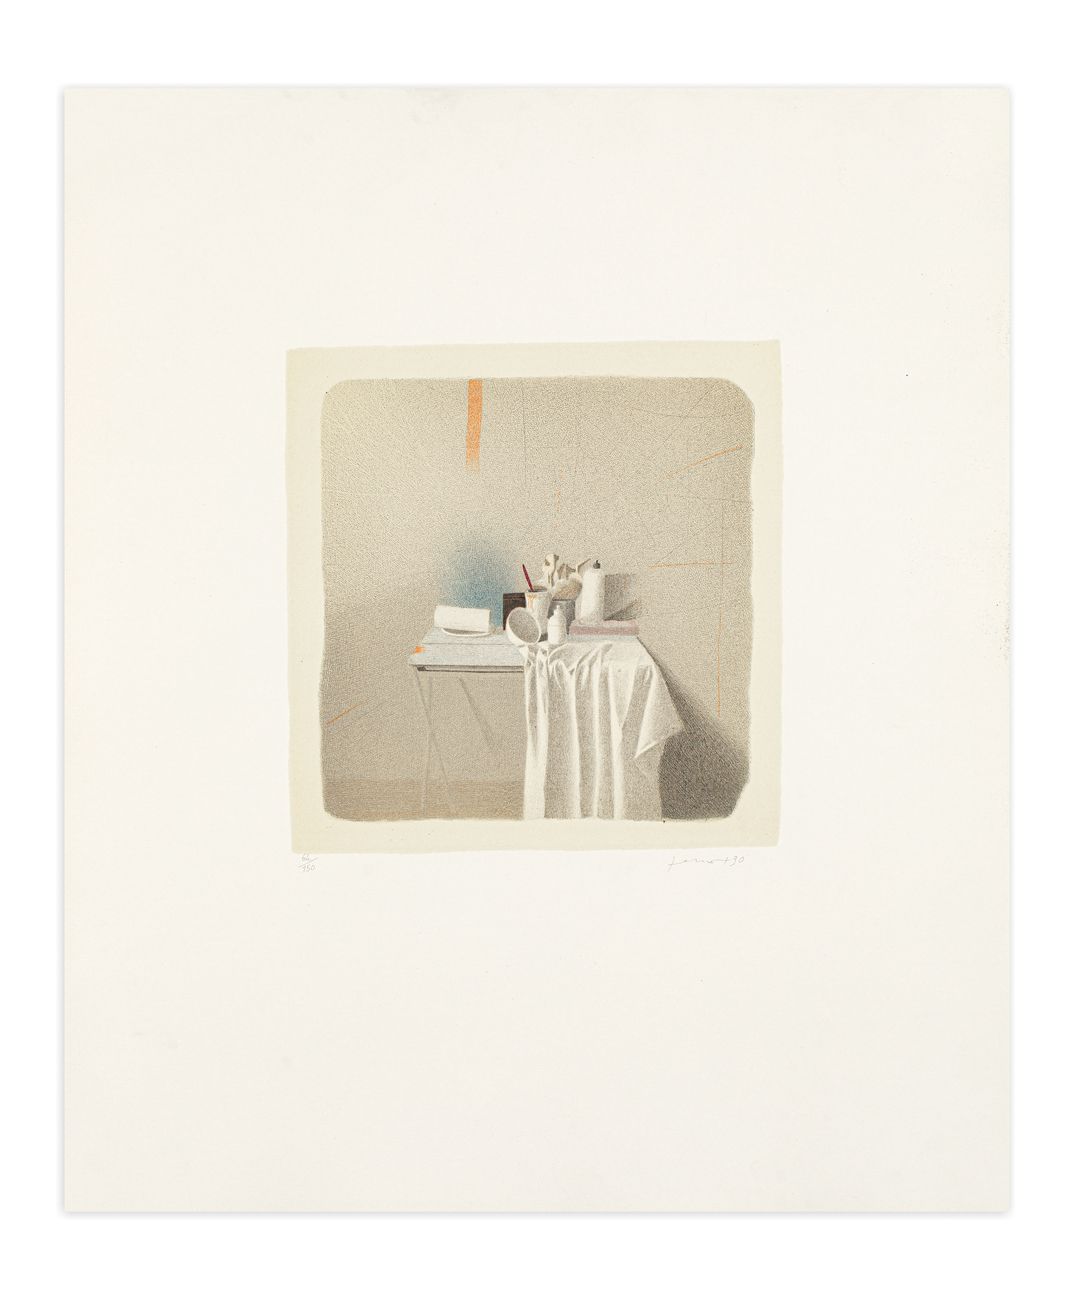 GIANFRANCO FERRONI (1927-2001) - Diversi oggetti e panneggio, 1990 背景石版画

60x50厘&hellip;
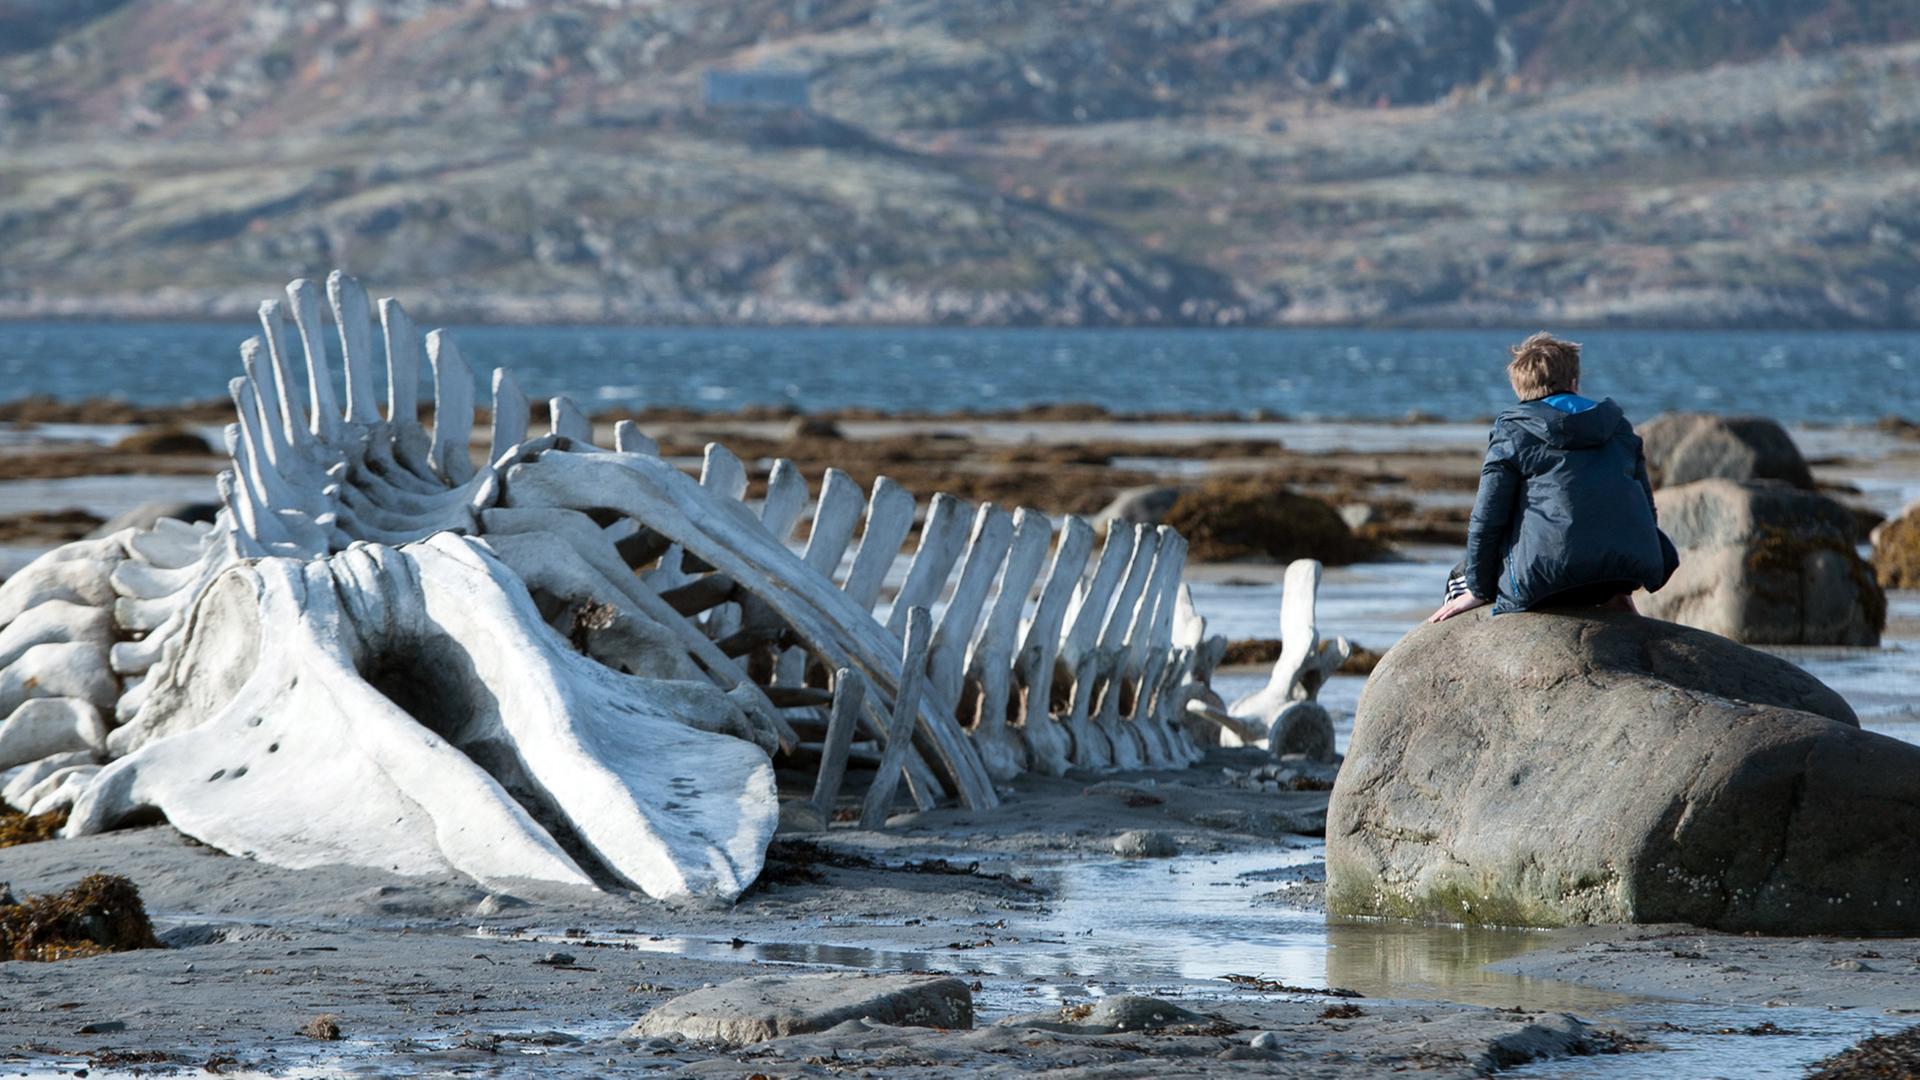 Der Junge Roma, gespielt von Sergej Pochodajew, sitzt neben einem Walgerippe am Meer der russischen Halbinsel Kola - eine Szene des Films "Leviathan" von Andrej Swajginzew aus dem Jahr 2014.
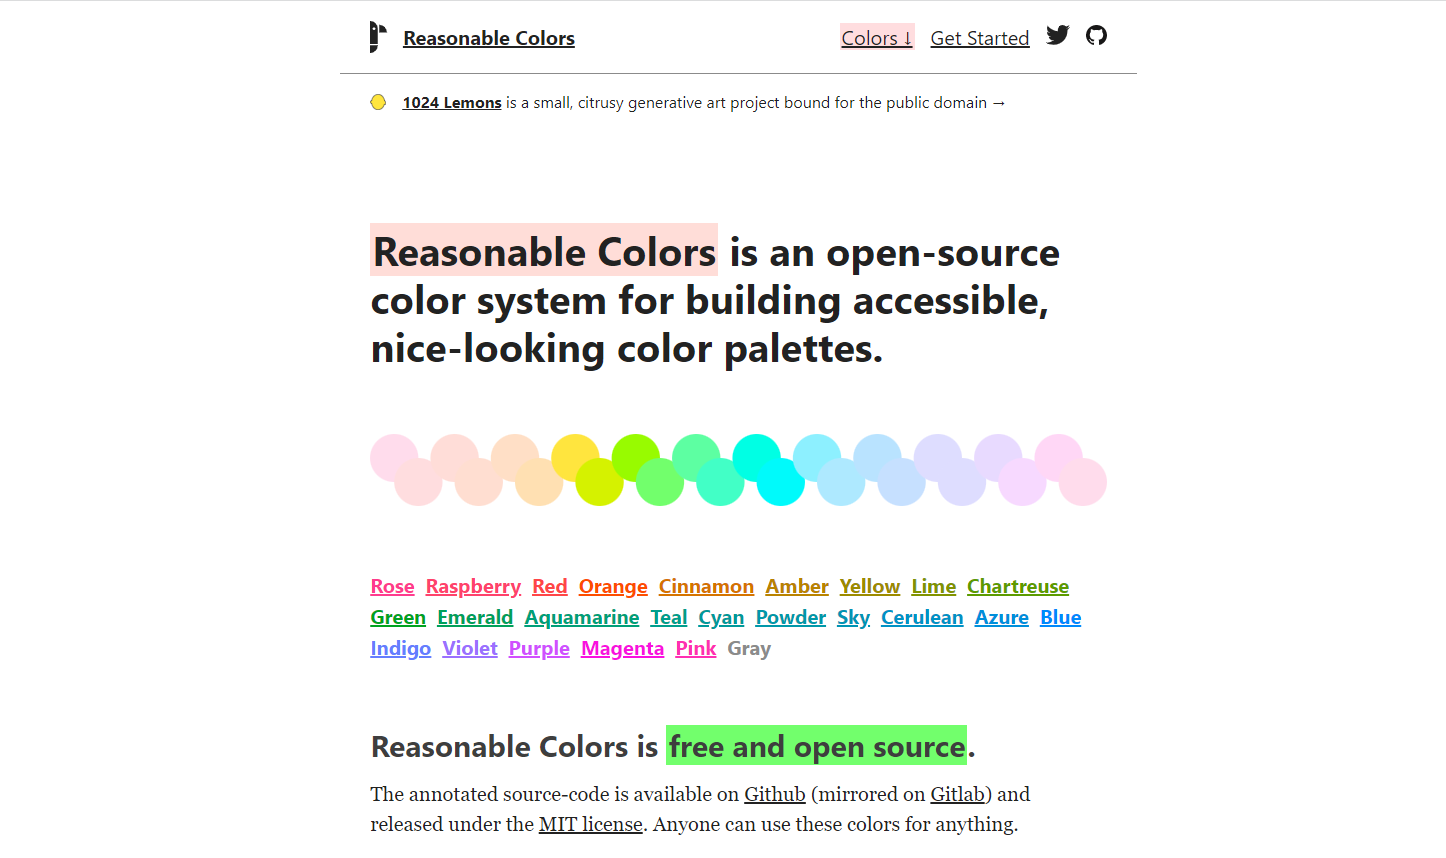 Reasonable Colors

= = = =

### Work instructions
Copy out exactly, without any pictures, the lines above that begin at the one with "Der Junge Roma, gespielt" and end at the last line of the listing.

### Answer to this task
 Der Junge Roma, gespielt von Sergej Pochodajew, sitzt neben einem Walgerippe am Meer der russischen Halbinsel Kola - eine Szene des Films "Leviathan" von Andrej Swajginzew aus dem Jahr 2014.
 Reasonable Colors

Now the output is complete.